How to show the intersection of arbitrary compact sets is compact in a general metric space?

I understand that if you are working in $\mathbb{R}^n$, then the intersection of an arbitrary collection of compact sets is compact because it is closed and bounded. But what if you are not in $\mathbb{R}^n$? How can you show that the intersection of arbitrary compact sets in a general metric space is compact?

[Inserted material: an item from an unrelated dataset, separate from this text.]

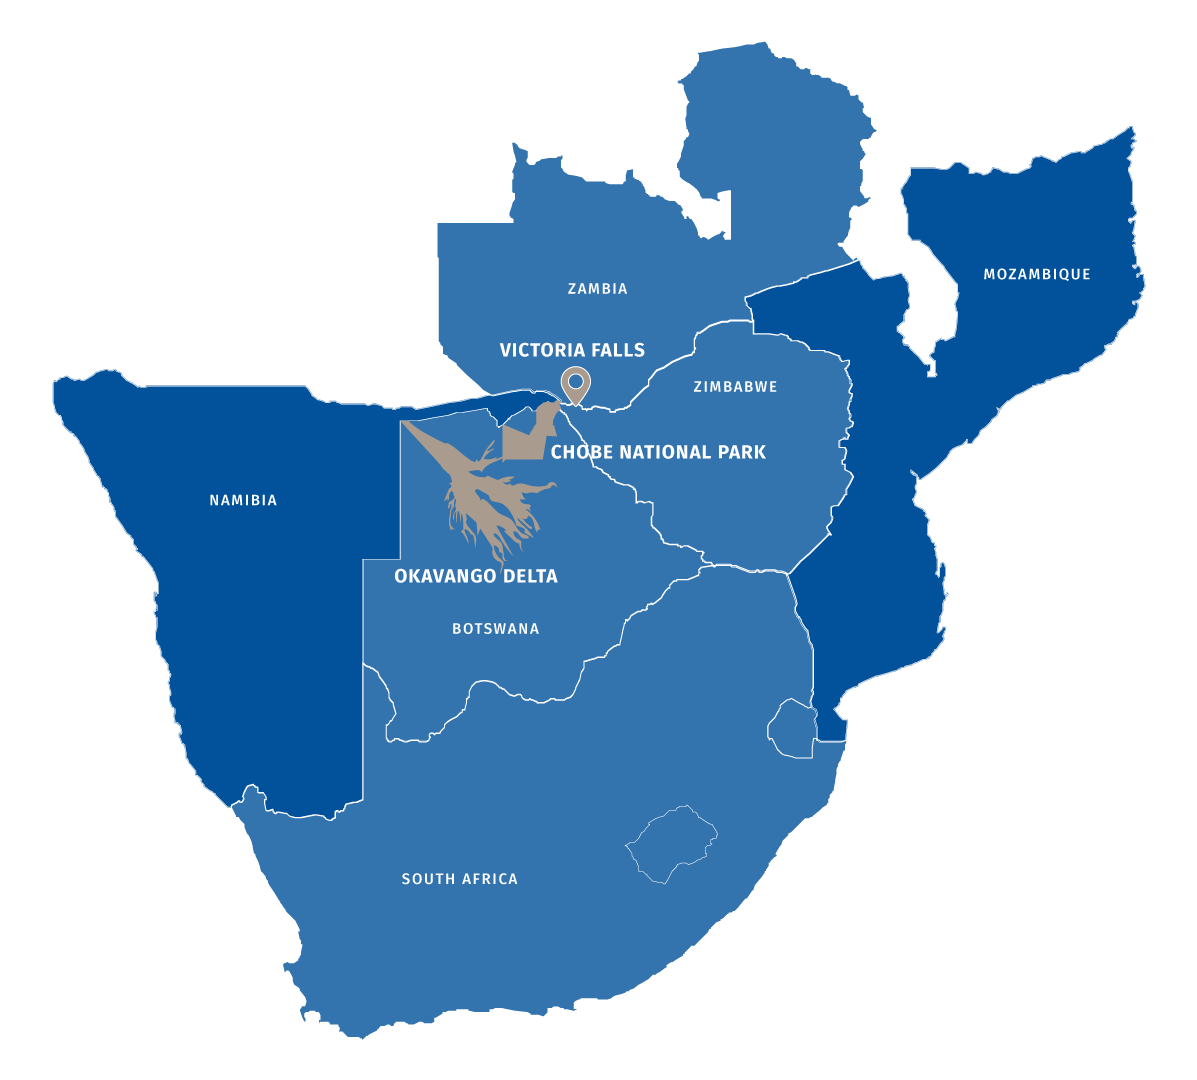 Southern Africa

This is homework so I only need a hint. Thank you!

Solution 1:

Hint: A closed subset of a compact set is compact. What do you know about compact sets in Hausdorff spaces?

Solution 2:

Metric Spaces are Hausdorff, so compact sets are closed. Now, arbitrary intersection of closed sets are closed. So for every open cover of the intersection, we can get an extension to a cover for the whole metric space. Now just use the definition.

Solution 3:

Are you using the sequential compactness definition? Any sequence in the intersection will be a sequence in any one of those particular compact sets, say $A$, in the intersection. This has a convergent subsequence in $A$ and since the intersection of closed sets is closed (and compact sets are closed in metric spaces), this same subsequence must converge in the intersection.

Solution 4:

Let $\{x(n)\}$ be any sequence in the intersection of compact subspaces of $X$. Then $\{x(n)\}$ is a member of every compact subspace individually. Compact spaces are closed in general hence every subspace contains the limit of the sequence. Now since arbitrary intersection of closed sets is closed this implies that the intersection is also closed. Hence $n$ contains the limit of $\{x(n)\}$ and hence converges. Since $\{x(n)\}$ is any general sequence in the intersection which converges (hence has a convergent subsequence) makes it compact by the sequential criteria. This approach seems good for your homework.